You can always take the wood out and give it a good scrub with a stiff brush.

However, I have the feeling you want to clean the wood _without_ removing it from the aquarium!  

To do that, you'll need to beat back the algae. Good CO2 levels of 30ppm or higher and a stable fertilizing regime are going to be your best bet to clean off the wood sans elbow grease.

What are your water parameters, Quincymom?

Mike


----------



## Quincymom (May 8, 2005)

Momotaro said:


> You can always take the wood out and give it a good scrub with a stiff brush.
> 
> However, I have the feeling you want to clean the wood _without_ removing it from the aquarium!
> 
> ...


A stiff brush woud be fine with me.

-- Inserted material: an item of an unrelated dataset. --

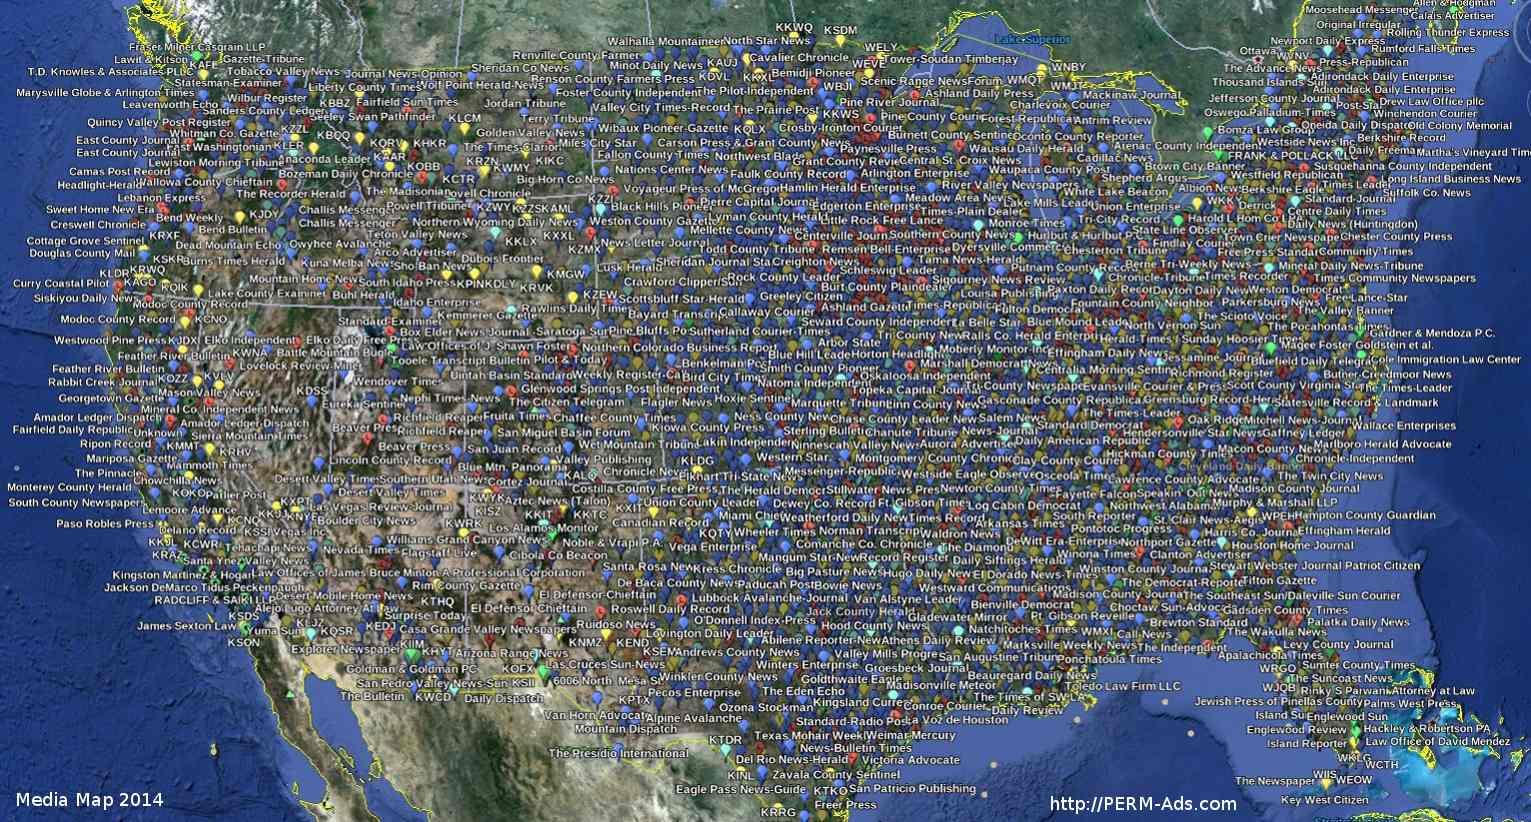 PERM ADS NATIONWIDE MEDIA MAP

My water is okay, if I can remember from this am the gh is 6 , kh is 4.5, pH is 6.8, and the CO2 I have is Excel and a Turbo CO2 Biosystem made by Red Sea. No algae on the plants, only a little on glass, just fuzzy driftwood. Oh, on another post I found out to remove the bio chem zorb from the filter, which I have, but now after 3 days the tank stinks, I can really smell it when I stand over the tank. Will that odor go away?


----------



## plantbrain (Dec 15, 2003)

Water changes will reduce any odor for the most part.
I use bleach for rocks and wood, equipment cleaning etc, add dechlor after a good rinse and then a bit to the tank.

Unless the wood is really and truly huge, removing it every so often is not a bad idea. H2O2 can be used, peroxide........microwave, drying the wood out, fire even for that charred look Do not worry, the wood is wet.

Regards, 
Tom Barr


----------



## Momotaro (Feb 21, 2003)

I have used peroxide before.

I got the wood after it had been in someone else's aquarium and been allowed to dry out for quite some time. The wood was very dry, so I was afraid to bleach it. I thought the bleach would really soak deeply into the wood, making dechlorinating tough. I soaked the wood well with peroxide and scrubbed with a stiff brush, which seemed to work pretty well.

Mike


----------



## Bert H (Dec 15, 2003)

You could also boil it. If too big to fit in your pot, just dip the algae infested areas into the water. I actually did that once and when I put the wood back in the tank, all the herbivores (ottos, shrimp) went to town on the 'cooked algae.'


----------



## Quincymom (May 8, 2005)

plantbrain said:


> Water changes will reduce any odor for the most part.
> I use bleach for rocks and wood, equipment cleaning etc, add dechlor after a good rinse and then a bit to the tank.
> 
> Unless the wood is really and truly huge, removing it every so often is not a bad idea. H2O2 can be used, peroxide........microwave, drying the wood out, fire even for that charred look Do not worry, the wood is wet.
> ...


Oh cool--I love Clorox! I was afraid to do it, now I will go ahead and dip it, I hate scrubbing
Thanks-


----------